The actual consignee was Wilson. A phone number contained on the consignment docket was one used by Wilson. The address at Punchbowl does not exist. It is clear from the facts I am about to cite that the offender had a substantial role to play in bringing this consignment including the methamphetamine into Australia. On 5 November 2015 the offender had departed Sydney on a Thai Airways flight that eventually continued on to Italy. On 27 November 2015, after the consignment had arrived, the offender phoned Wilson from Italy. There was a discussion in which the offender asked Wilson "Something arrived" and when Wilson queried whether anything had arrived at some address, the offender volunteered to send him the address and details, including the tracking details, and asked Wilson to "chase it up for me". During the same conversation there was a discussion about email addresses and the offender asked if Wilson could provide him with Fabian's telephone number. On the following day there was another call from the offender, who was still in Italy, to Wilson. In that conversation the offender told Wilson:
"I checked it up, it's all cleared. It just needs to, they're just waiting on customer instructions. So you need to call them."
Later that day another phone call was made by the offender to Wilson. The offender asked Wilson whether he had made the call but Wilson told him that it was the weekend and the offender told him to phone on the following Monday. He also gave this instruction to Wilson:
"Whatever they say, confirm from me first before anything, don't go there, if they ask you to come, confirm from me first..."
On 29 November there was another communication between the offender in Italy and Wilson, discussing how to overcome a communication difficulty that they had encountered in exchanging mail electronically. On 30 November the offender, still in Italy, called Wilson confirming he had sent an appropriate email to Wilson and that if Wilson wanted to check the information that had been sent to him, he should and the offender would call him back. Later on that day the offender did call Wilson back and discussed with Wilson dealing with the international freight company Clemenger. Pantaleo said that he would send Wilson its telephone number and the relevant shipping number. The offender added this advice at the end:
"Let me send it to you, but if they ask you to go there, don't go there. Just call them. If the goods is in Clemenger, tell them to deliver it somewhere, you know? And pay them. Whatever they say you let me know."
Eleven minutes later the offender, using another communication device, sent details of the shipment to Wilson. At 4pm local time on that day Wilson called Toll Global Priority, provided the shipment number and was told to call another telephone number and quote a reference.
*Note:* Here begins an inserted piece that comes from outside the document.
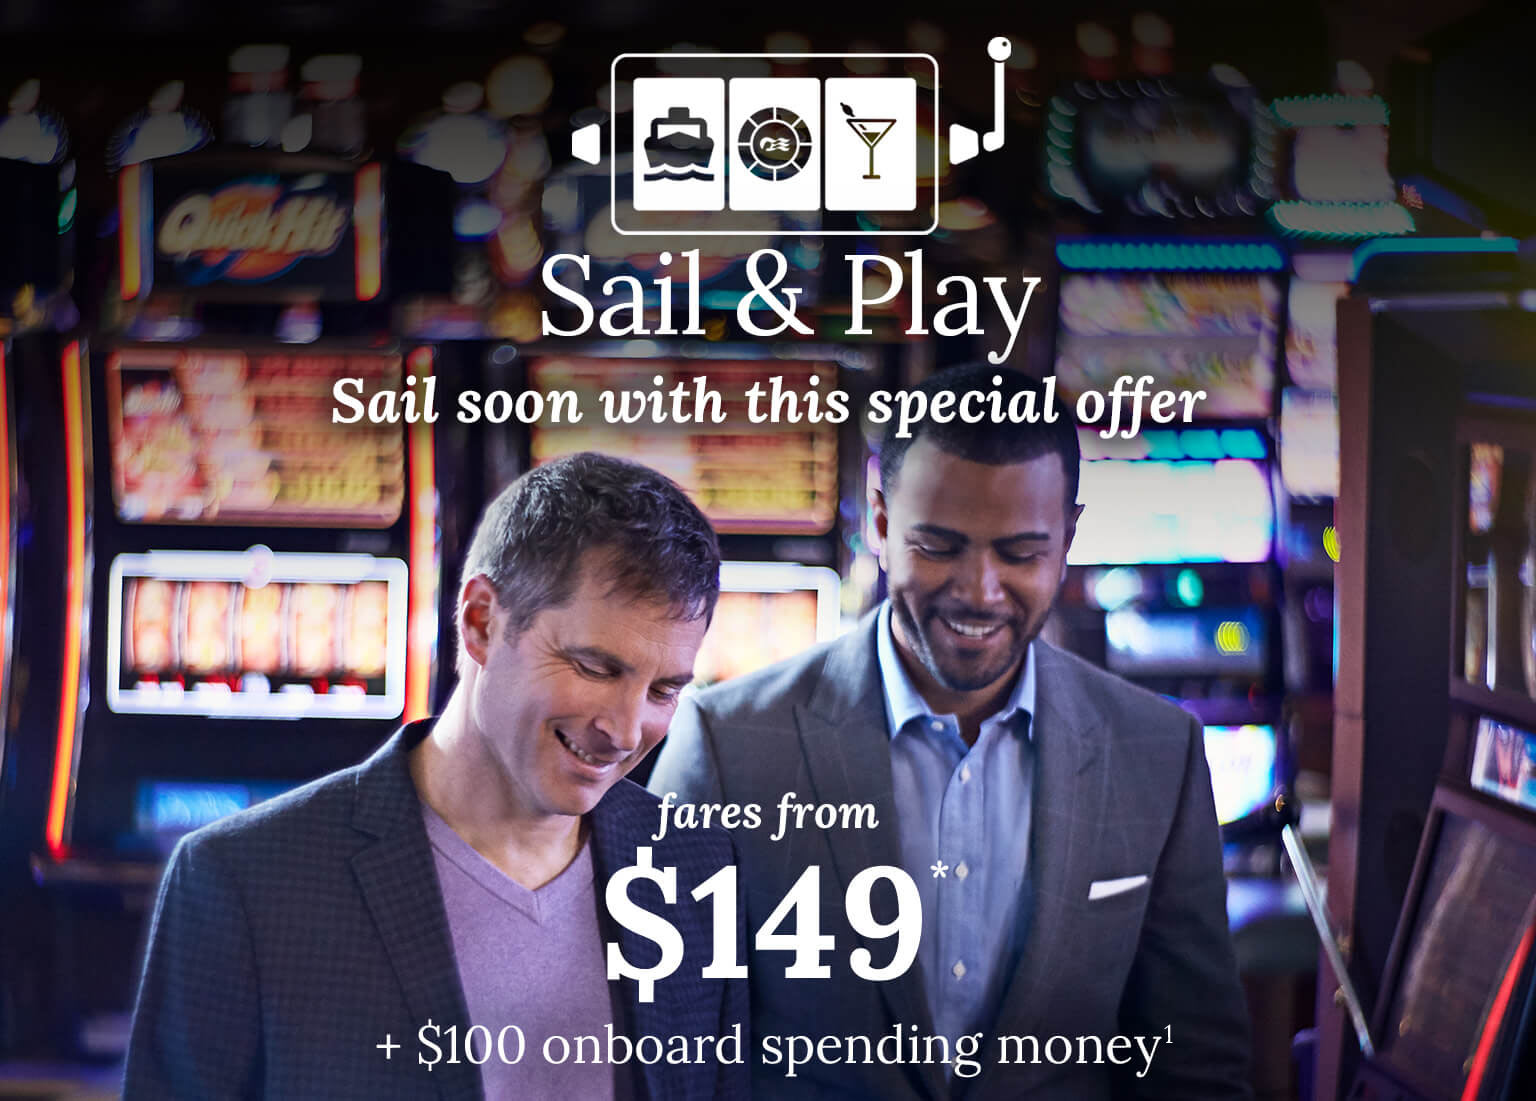 Fares from $149 + $100 onboard spending money. Click here to book.

When Wilson called that number, the person answering the telephone identified himself or herself as "the Department of Immigration, Border Controlled Cargo Support Line". That caused Wilson to hang up.
The offender arrived in Sydney on 7 December 2015 and had a conversation with Wilson on 10 December 2015 in which Wilson said that he was not going to deal with "Customs" and that therefore he made no attempt to pick up the consignment. The agreed facts do not tell me of any attempt made by anyone to pick up the consignment.
It is clear to me from the agreed facts which I have sought to abbreviate that the offender was involved in organising this consignment. However the Crown concedes that the extent of the offender's involvement is not able to be ascertained on the available evidence. In paragraph 14 of the Crown's written submissions it is accepted that in relation to all of the offences that it is accepted by the Crown the offender's various roles were not those of a principal. However he was certainly highly placed in the organisation of the importation and clearly recruited Wilson to assist him in that regard.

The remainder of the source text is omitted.